April 30, 2026

On Wednesday, the Trumpy Supreme Court gutted the Voting Rights Act and handed Republicans a big, fat gift, even as the right-wing justices pretended otherwise. This could bring the U.S. back to the Jim Crow era.

“Republicans could ultimately eliminate a dozen Democratic congressional seats in the South as a result, leaving no Democratic representatives or majority-minority districts in states including Tennessee, Alabama, Mississippi, South Carolina, and Louisiana—the very places where voting discrimination has historically been most prevalent,” National Voting Rights Correspondent Ari Berman wrote for Mother Jones.

You don’t need a law degree to know that the Trump loyalists on the Supreme Court have put our democracy in serious peril. As much or more than Felon 47, himself.

In June, 2025, Rep. Sean Casten (D-IL) introduced a legislative package designed to reform and shore up our democracy.

In addition to other important reforms to our political system, Casten's legislation cuts the ability of the current Supreme Court to act as political enablers for Trump or for a particular ideology.

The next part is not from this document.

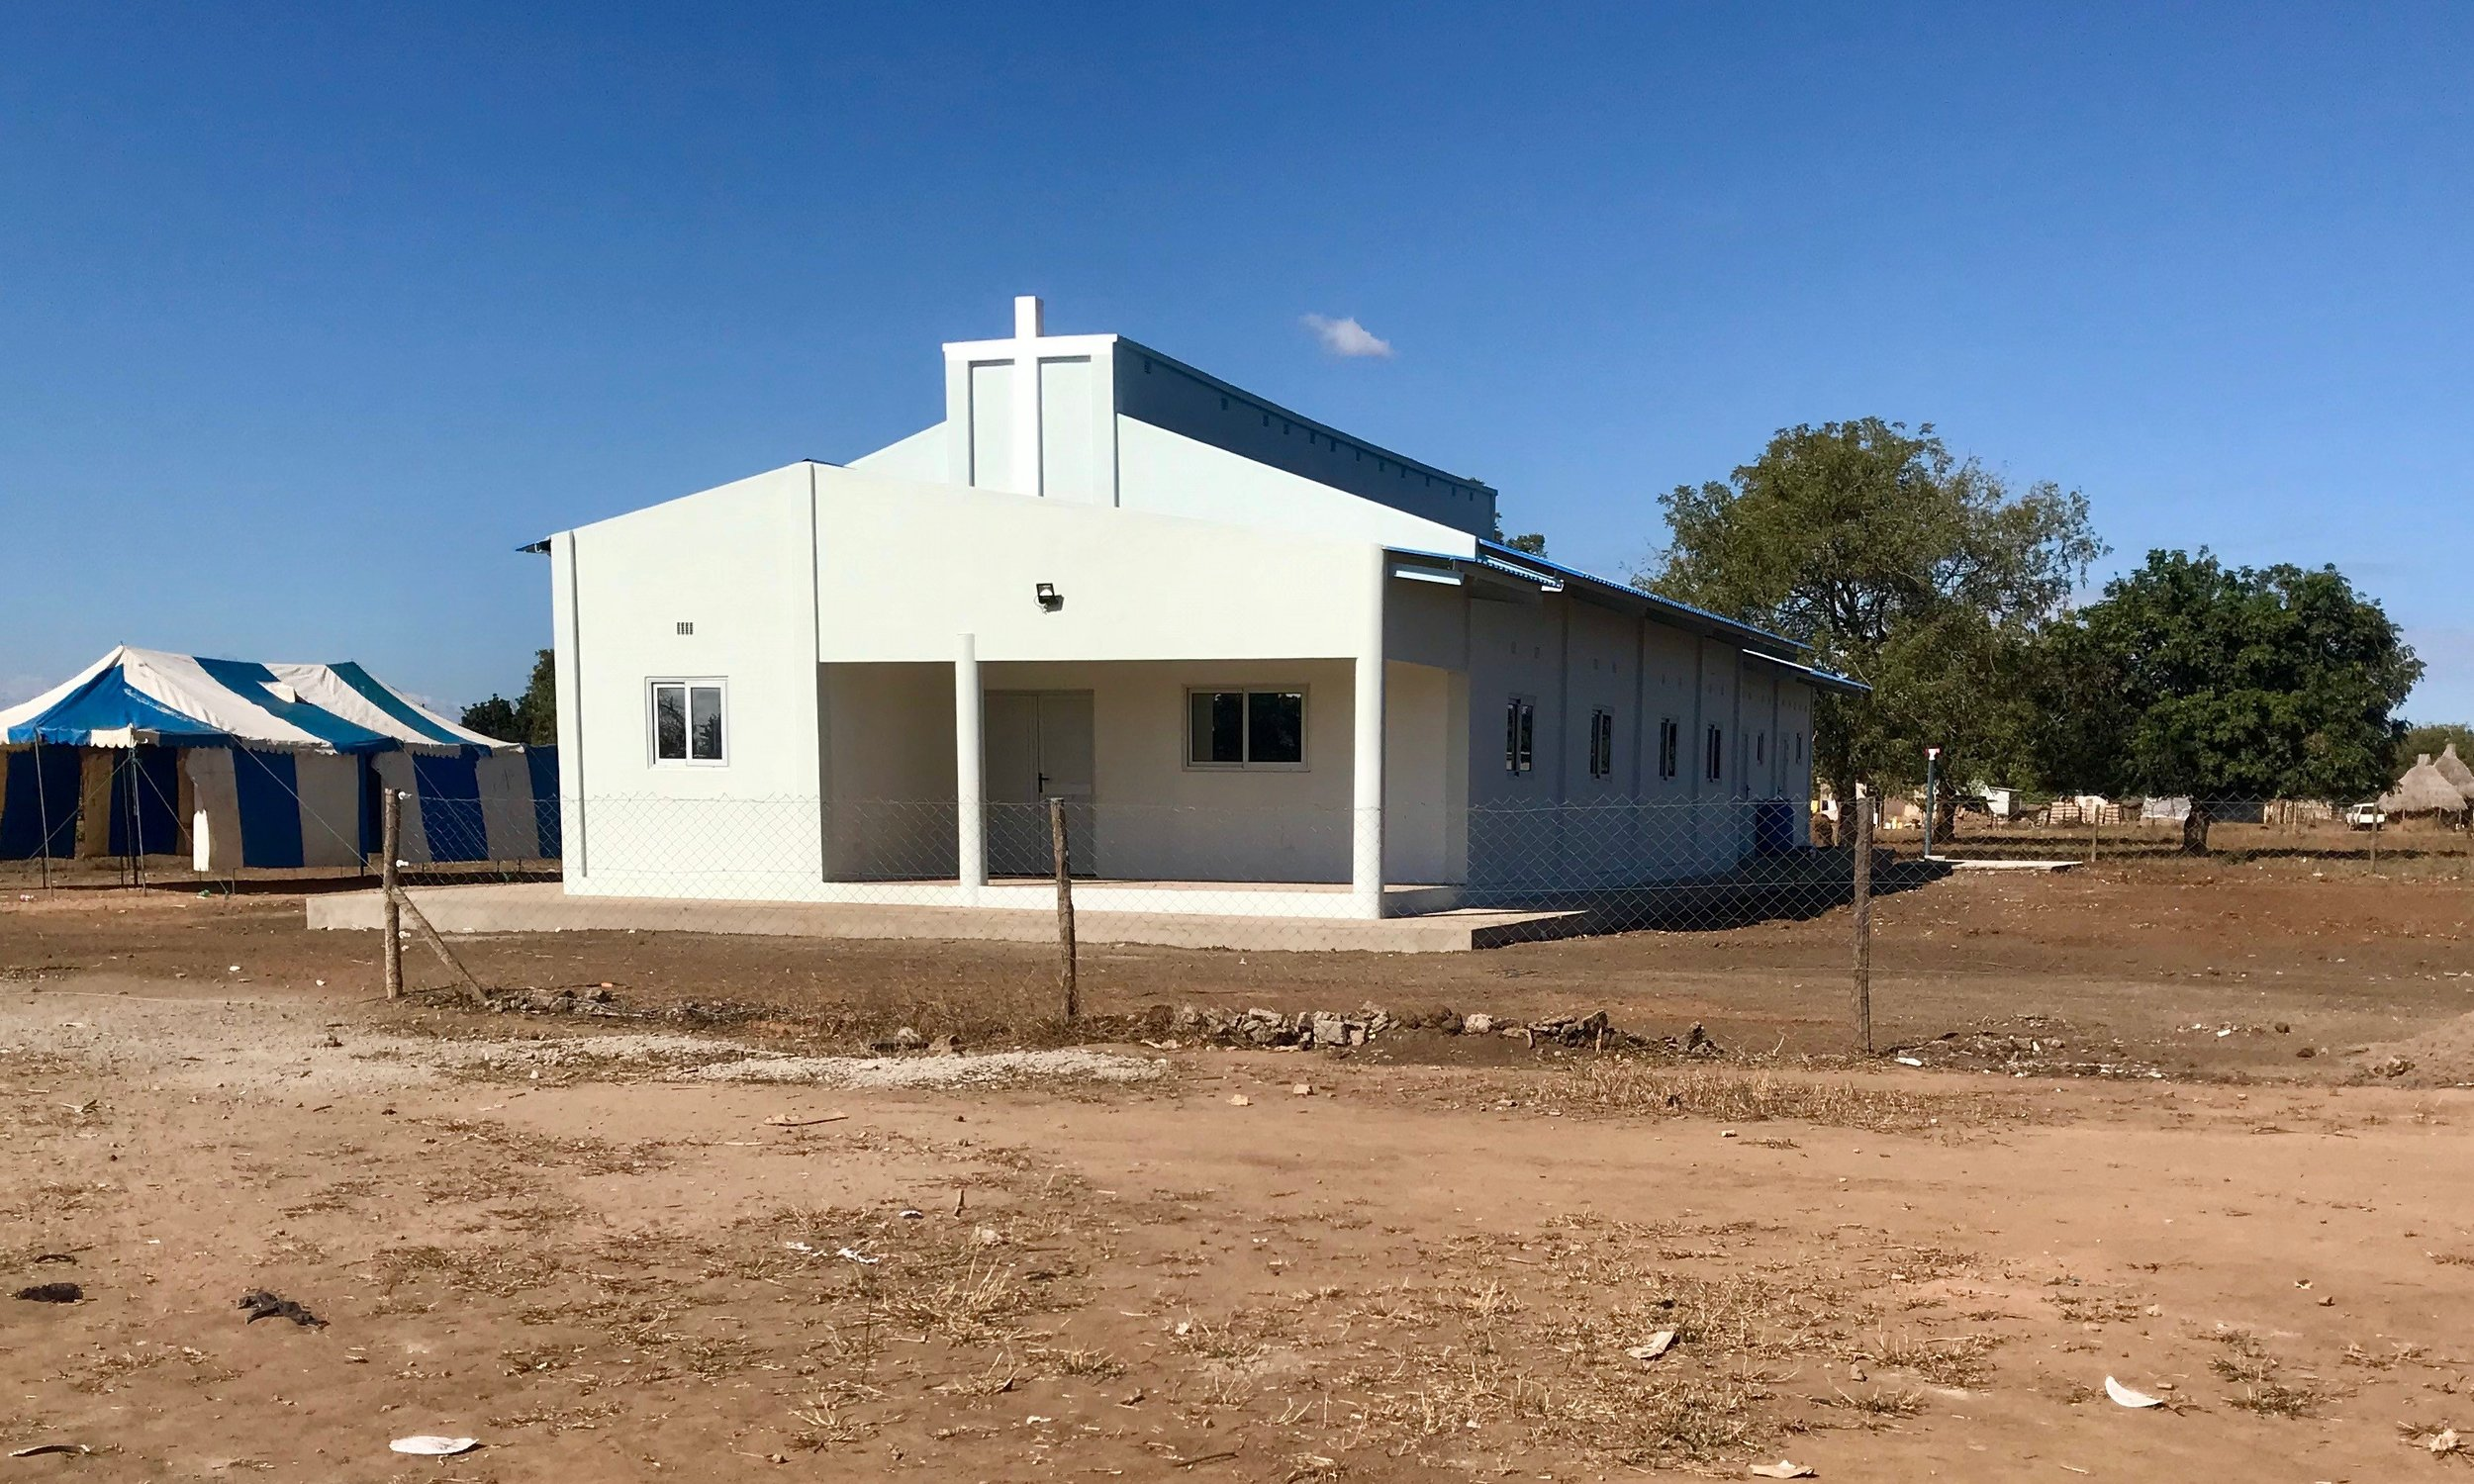 WOW Moz Macalawane Church Building 20190813.jpg

As he explained in an editorial for The Hill, “One of the quickest ways to reduce the political influence of the existing court would be to take away their ability to decide which of the cases on which lower courts have already ruled could be considered for reversal.” Casten's plan would limit the Supreme Court to its “original jurisdiction,” i.e., matters relating to ambassadors and disputes where one of the states is a party.

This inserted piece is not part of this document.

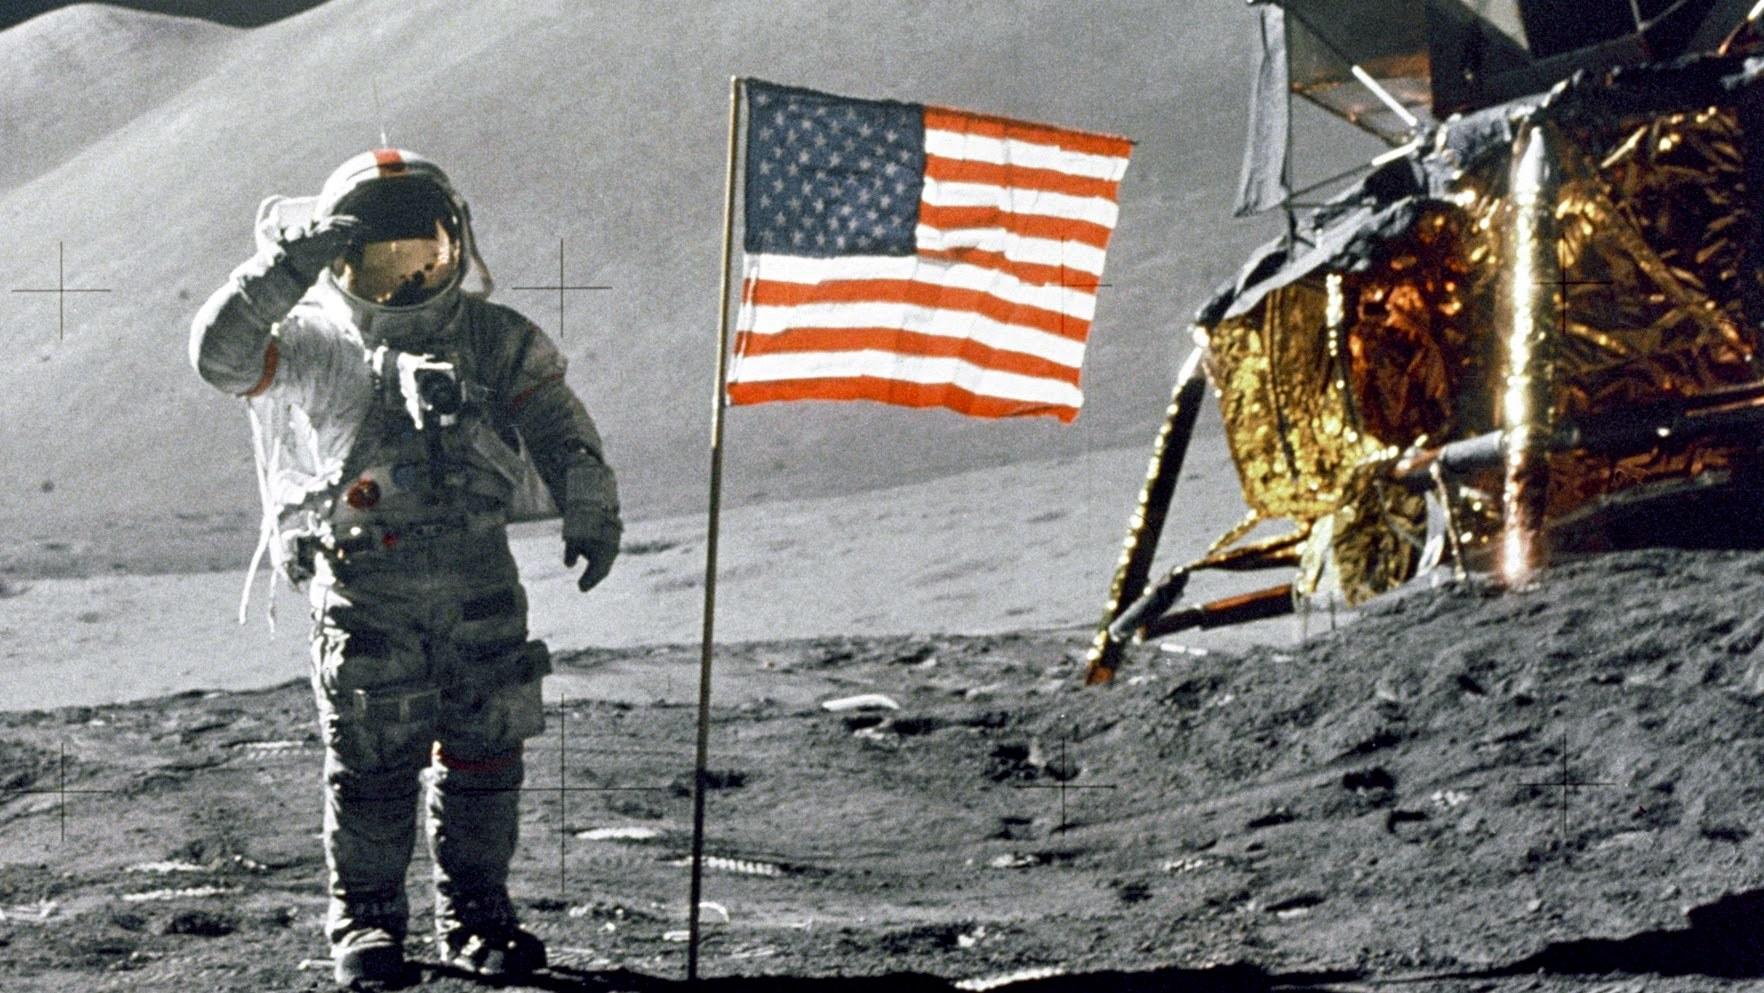 Caption: Neil Armstrong, Credit: NASA

The plan is to create a 13-judge multi-circuit panel to hear cases in which the U.S. or federal agency "is a party, cases concerning constitutional or statutory interpretation of federal law or cases clarifying the functions or actions of an executive order.” The judges would be randomly selected from each circuit and each would serve for only one year.

Perhaps the fastest and easiest reform was one Casten also outlined for The Hill: Congress using its “power of the purse” to make “a significant portion” of its funding “contingent on meaningful ethics reforms.” If Democrats take back the House of Representatives, as is expected, that could and should be at the top of their To-Do List.

Casten's suggestions sound great to me. But whether adopted in whole, in part or whether some other plan is put to work, Dems need to address SCOTUS reform ASAP.